- Film poster with original title
- Directed by: Zhora Kryzhovnikov
- Written by: Zhora Kryzhovnikov; Alexey Kazakov;
- Produced by: Zhora Kryzhovnikov; Timur Bekmambetov; Alexey Kazakov; Sergey Kornikhin;
- Starring: Dmitry Nagiev; Olga Seryabkina; Yuliya Aleksandrova;
- Cinematography: Maxim Shinkorenko Ivan Lebedev
- Edited by: Alexander Verkholyak
- Production company: Bazelevs Company
- Release date: December 24, 2015;
- Running time: 112 minutes
- Country: Russia
- Language: Russian
- Budget: $2 000 000
- Box office: $10 744 717

= The Very Best Day =

The Very Best Day (Самый лучший день) is a Russian comedy film directed by Zhora Kryzhovnikov. It is the highest-grossing Russian film of 2015, which raised more than $10.5 million at the box office.

==Plot==
Provincial traffic police officer Petya Vasyutin is about to marry his beloved girlfriend Olya, but succumbs to the allure of a famous pop star Alyona Shyopot. Caught drunk driving, she decides to seduce Petya to avoid punishment.
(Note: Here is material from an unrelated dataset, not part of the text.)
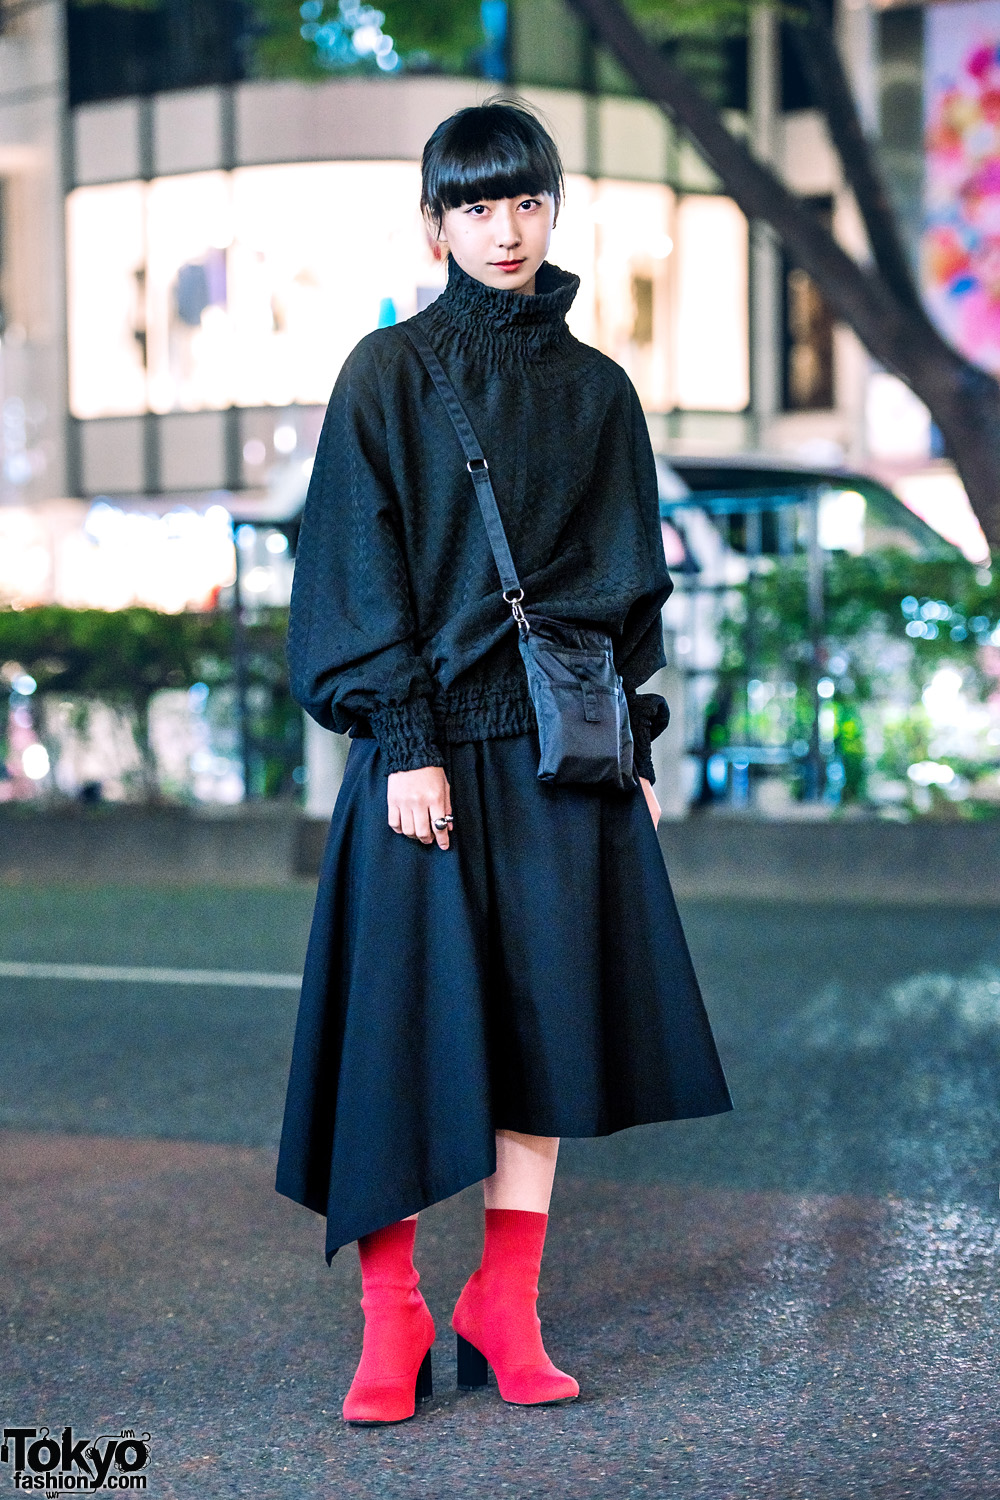 Menswear Street Style in Tokyo w/ Suede Coat, Floral Shirt, Comme des  Garcons Cuffed Pants, Hare Buckle Shoes & Goyard Bag – Tokyo Fashion

Having lost his fiancée, Vasyutin tries to fix his mistakes and get his life back on track.

==Cast==
- Dmitry Nagiev as Petya Vasyutin, a traffic police officer
- Olga Seryabkina as Alina Shyopot, a famous pop singer
- Yuliya Aleksandrova as Olya, Petya's girlfriend
- Sergey Lavygin as Valentin, Petya's best friend
- Valentina Mazunina as Anzhela, Olya's friends and Valentin's wife
- Inna Churikova as Lyubov, Petya's mother
- Mikhail Boyarsky as Gennady, Petya's father
- Elena Yakovleva as Tatyana, Olya's mother
- Vladislav Vetrov as Vikenty Mikhailovich, Tatyana's groom
- Yan Tsapnik as the traffic police chief
- Andrey Malakhov (cameo appearance) as himself

== Awards and nominations ==
- Golden Eagle Awards 2017
- Elena Yakovleva — Best Supporting Actress (won)
- Nika Awards 2017
- Mikhail Boyarsky — Best Supporting Actor (nominated)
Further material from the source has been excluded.